Kyle: Yeah. Definitely. And also they’ll get . . . real sluttily dressed, I find. They wear those black sex pants and there will just be fifty of them rolling up to your house and you are just like: “Oh man, I don’t want to drive anyone to the hospital tonight.” KB: Because they are going to drink so much?
Kyle: Or they just don’t know how to handle themselves.
KB: What do you mean handle themselves, besides the drinking?
Kyle: That is what I mean. They drink too much and get themselves in trouble. Throw up all over the place, take their clothes off, or something stupid that they normally wouldn’t do and I don’t think they would do if they were a senior and had been exposed to the college culture and drinking. A lot of the time it is like letting a kid out of a cage.
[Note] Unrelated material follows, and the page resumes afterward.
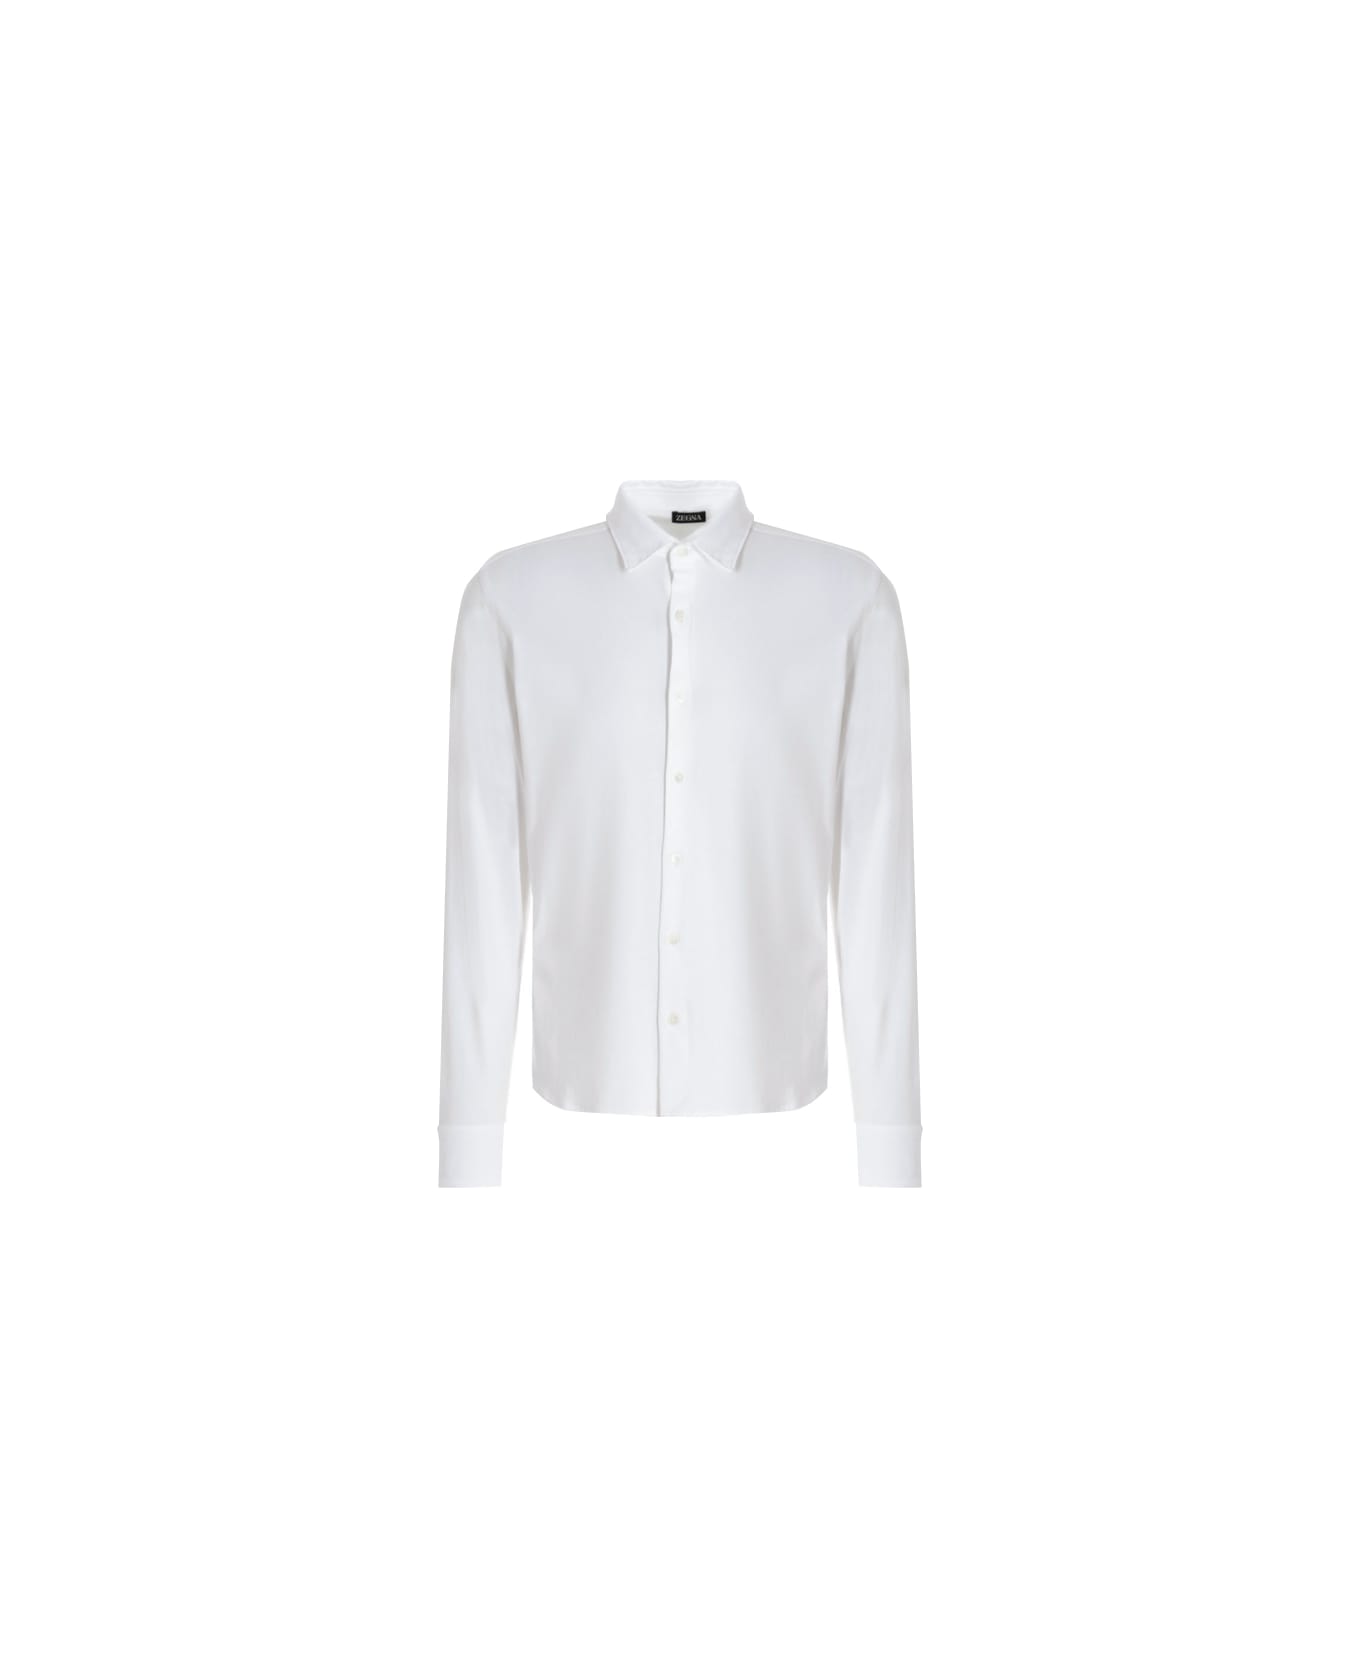 Zegna Cotton Jersey Shirt - White シャツ
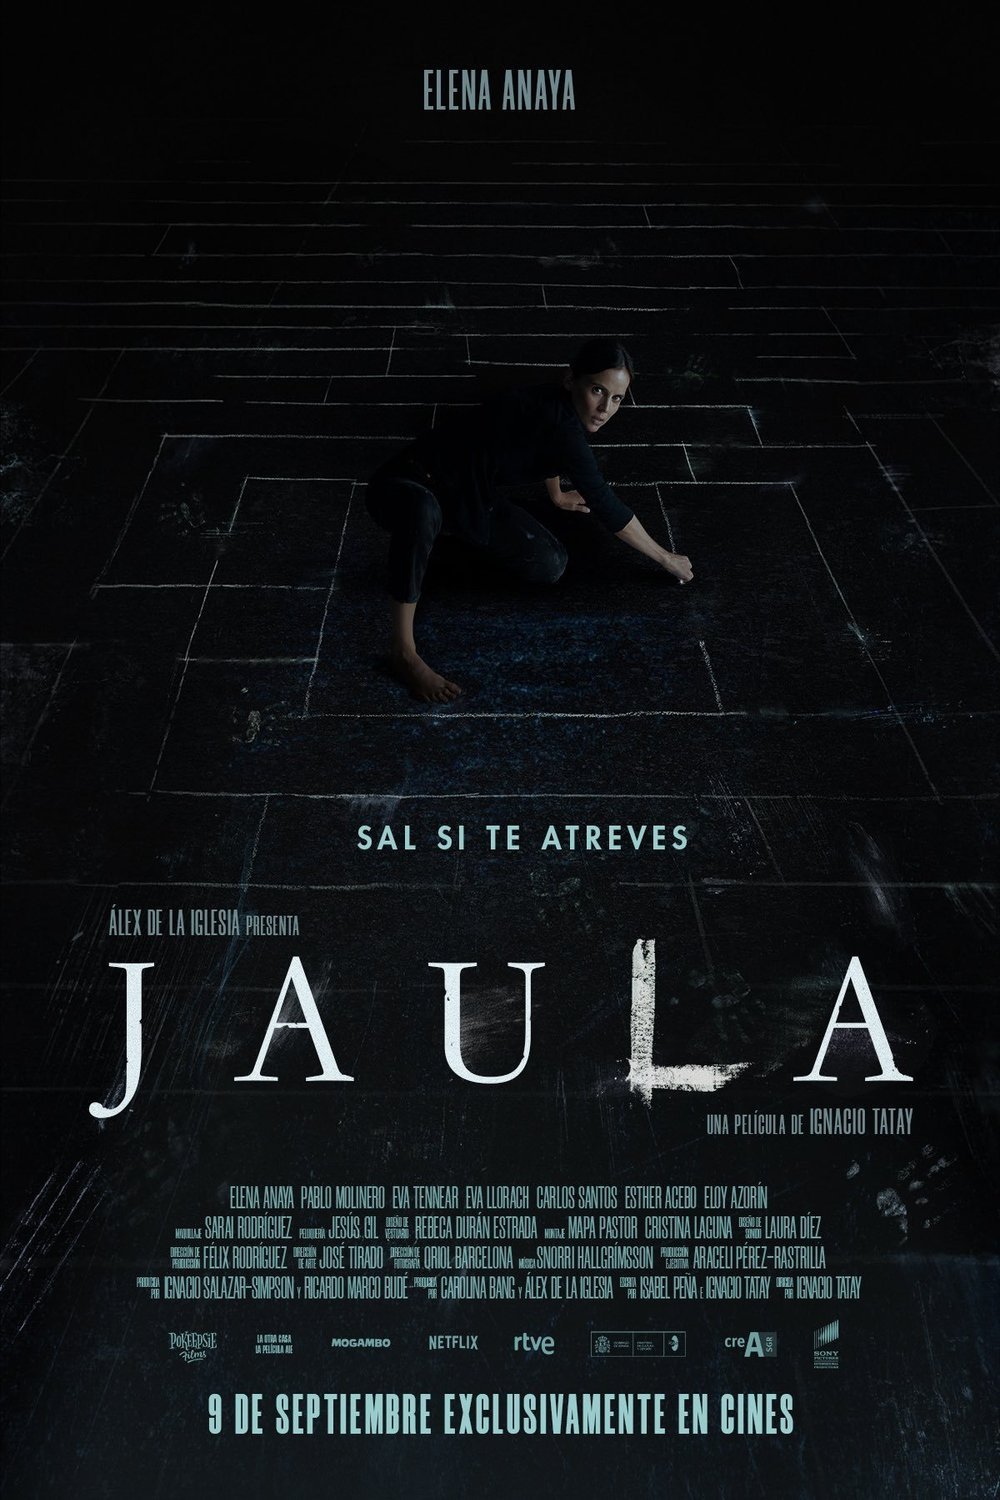 Spanish poster of the movie Jaula

Your parents in high school, they are like: “Oh be home by 1:00 A.M.” You bring the kid to college and it’s like no cage, go nuts, run wild.
KB: Do freshman males do that also or is it specifically girls?
Kyle: I think males do it too. It’s just displayed differently. Guys would get drunk too, but maybe a guy would do something he wouldn’t normally do like get in a fight or something, not like take his clothes off [the ways girls do].
KB: Would you say then that females change more over the four years [in college] than males do?
Kyle: Yeah. Definitely. Females change a lot more. They come to college and figure it’s a big school and no one is going to find out what they do and then [they learn this is not the case].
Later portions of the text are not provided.